For details on how to set the dataproc image version, see this document. Set it to “2.0-debian10” to run Dataproc version 2.0 on Debian 10.
With adaptive execution tuning, you generally need only to specify the range of partitions to use, not the exact partition number. The exact partition number, even if set in pipeline configuration, is ignored when this feature is enabled.
If you are using an ephemeral Dataproc cluster, CDAP sets proper configuration automatically, but for static Dataproc or Hadoop clusters, the next two configuration parameters can be set:
spark.default.parallelism - set it to the total number of vCores available in the cluster. This ensures your cluster is not underloaded and defines the lower bound for the number of partitions.
spark.sql.adaptive.coalescePartitions.initialPartitionNum - set it to 32x of the number of vCores available in the cluster. This defines the upper bound for the number of partitions.
spark.sql.adaptive.enabled - ensure it’s set to true to enable the optimizations. Dataproc sets it automatically, but you need to ensure it’s enabled if you are using generic Hadoop clusters.
Pipelines are executed on Hadoop clusters. Hadoop is a collection of open source technologies that read, process, and store data in a distributed fashion. Understanding a bit about Hadoop clusters will help you understand how pipelines are executed in parallel. Hadoop is associated with many different systems, but the two used by pipelines are the two most basic ones: HDFS (Hadoop Distributed File System) and YARN (Yet Another Resource Negotiator). HDFS is used to store intermediate data and YARN is used to coordinate workloads across the cluster.

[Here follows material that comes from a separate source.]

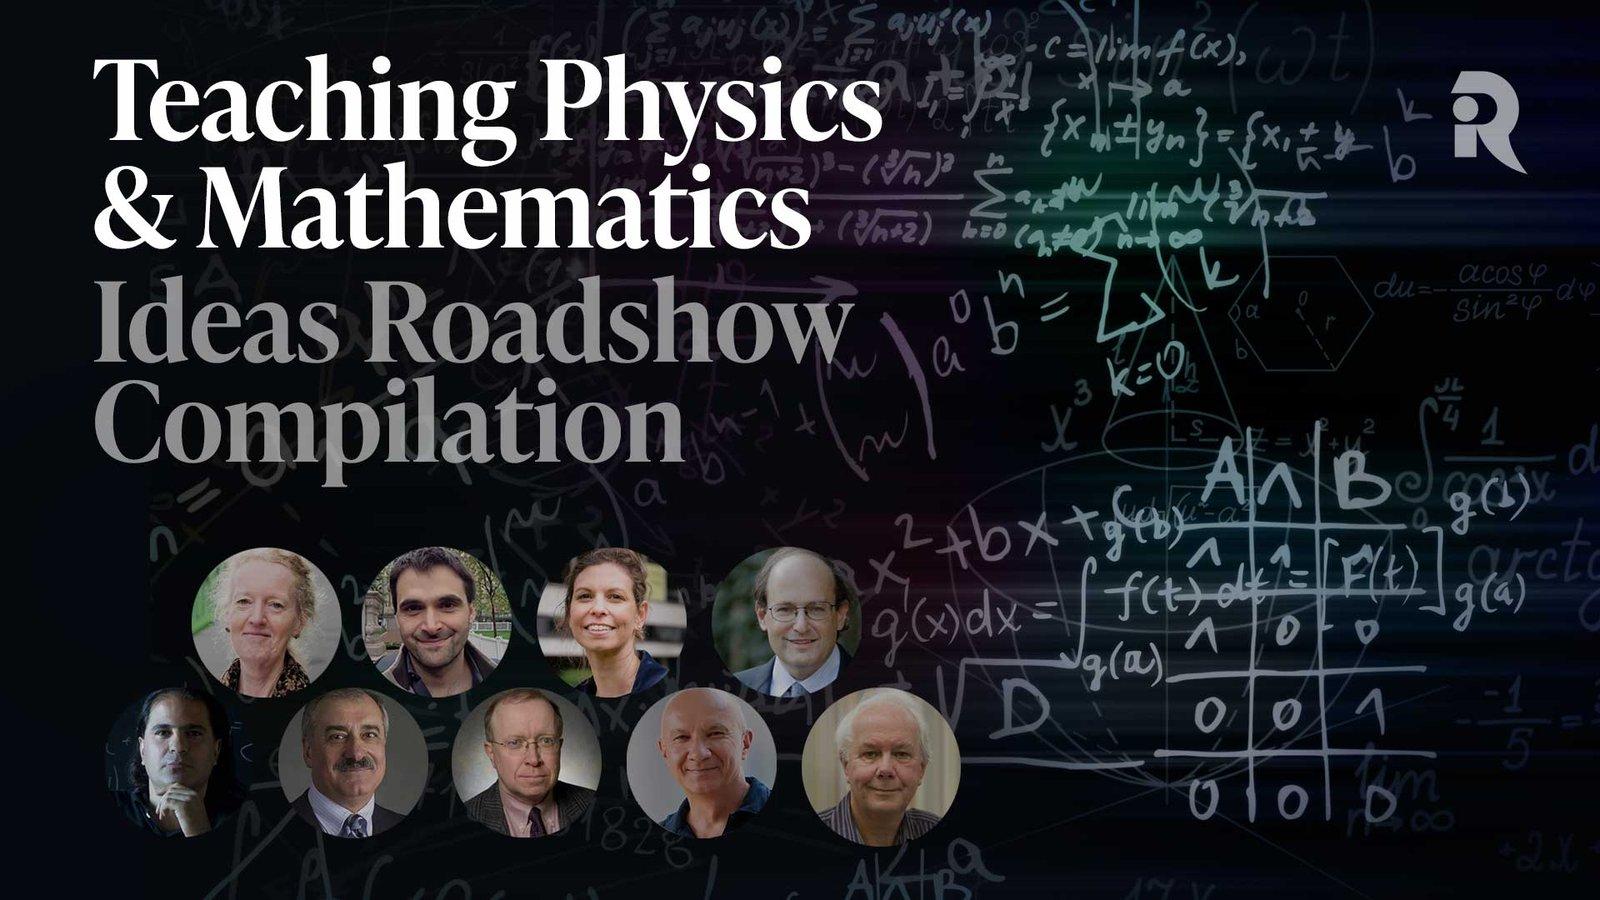 Teaching Physics and Mathematics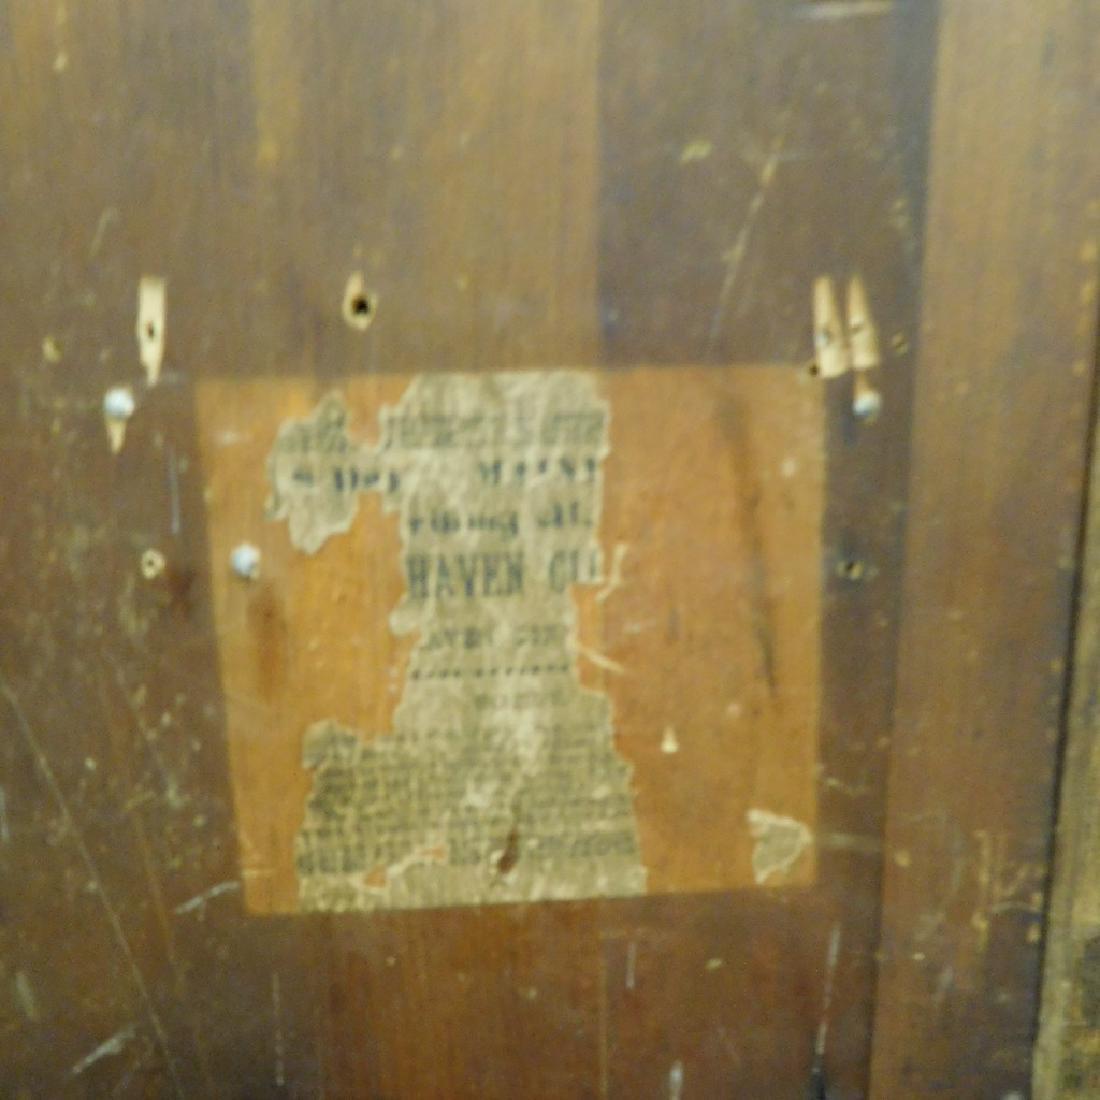 Antique New Haven Parlor Kitchen clock -Working . - 2

Hadoop clusters consist of master and worker nodes. Master nodes are generally responsible for coordinating work, while worker nodes perform the actual work. Clusters will normally have a small number of master nodes (one or three) and a large number of workers. Hadoop YARN is used as the work coordination system. YARN runs a Resource Manager service on the master node(s) and a Node Manager service on each worker node. Resource Managers coordinate amongst all the Node Managers to determine where to create and execute containers on the cluster.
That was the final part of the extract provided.